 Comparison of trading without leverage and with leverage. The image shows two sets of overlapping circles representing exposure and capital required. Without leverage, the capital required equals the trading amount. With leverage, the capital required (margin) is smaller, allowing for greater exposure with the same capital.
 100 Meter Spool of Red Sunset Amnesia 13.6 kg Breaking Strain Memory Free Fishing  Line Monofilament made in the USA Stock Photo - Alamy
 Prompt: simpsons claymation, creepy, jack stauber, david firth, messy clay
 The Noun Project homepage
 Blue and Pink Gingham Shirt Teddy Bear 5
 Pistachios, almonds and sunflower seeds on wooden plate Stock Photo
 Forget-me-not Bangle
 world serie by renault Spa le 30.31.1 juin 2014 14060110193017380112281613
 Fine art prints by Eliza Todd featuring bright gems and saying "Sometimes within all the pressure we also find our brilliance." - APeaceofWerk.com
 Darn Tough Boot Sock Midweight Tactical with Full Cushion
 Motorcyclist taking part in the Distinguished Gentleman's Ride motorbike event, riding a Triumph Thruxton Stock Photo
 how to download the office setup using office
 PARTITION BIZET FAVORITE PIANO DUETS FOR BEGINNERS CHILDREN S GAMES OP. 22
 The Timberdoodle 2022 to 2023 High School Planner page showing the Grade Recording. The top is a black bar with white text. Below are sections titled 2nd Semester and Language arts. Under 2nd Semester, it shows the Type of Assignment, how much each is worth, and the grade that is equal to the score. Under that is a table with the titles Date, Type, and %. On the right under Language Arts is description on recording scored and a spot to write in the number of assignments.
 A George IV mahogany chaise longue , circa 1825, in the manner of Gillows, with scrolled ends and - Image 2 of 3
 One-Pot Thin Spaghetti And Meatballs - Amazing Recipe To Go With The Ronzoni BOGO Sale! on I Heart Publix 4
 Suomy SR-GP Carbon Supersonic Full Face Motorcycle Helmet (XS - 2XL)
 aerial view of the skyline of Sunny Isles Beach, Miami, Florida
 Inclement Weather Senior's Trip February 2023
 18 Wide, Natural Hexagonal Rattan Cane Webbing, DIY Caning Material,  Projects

==================================================

* **What this task involves**
In the listing above, find the line with "Prompt: simpsons claymation, creepy, jack" and the line with "how to download"; set down exactly those two lines and every line between them, nothing more.

* **Reply to the exercise**
 Prompt: simpsons claymation, creepy, jack stauber, david firth, messy clay
 The Noun Project homepage
 Blue and Pink Gingham Shirt Teddy Bear 5
 Pistachios, almonds and sunflower seeds on wooden plate Stock Photo
 Forget-me-not Bangle
 world serie by renault Spa le 30.31.1 juin 2014 14060110193017380112281613
 Fine art prints by Eliza Todd featuring bright gems and saying "Sometimes within all the pressure we also find our brilliance." - APeaceofWerk.com
 Darn Tough Boot Sock Midweight Tactical with Full Cushion
 Motorcyclist taking part in the Distinguished Gentleman's Ride motorbike event, riding a Triumph Thruxton Stock Photo
 how to download the office setup using office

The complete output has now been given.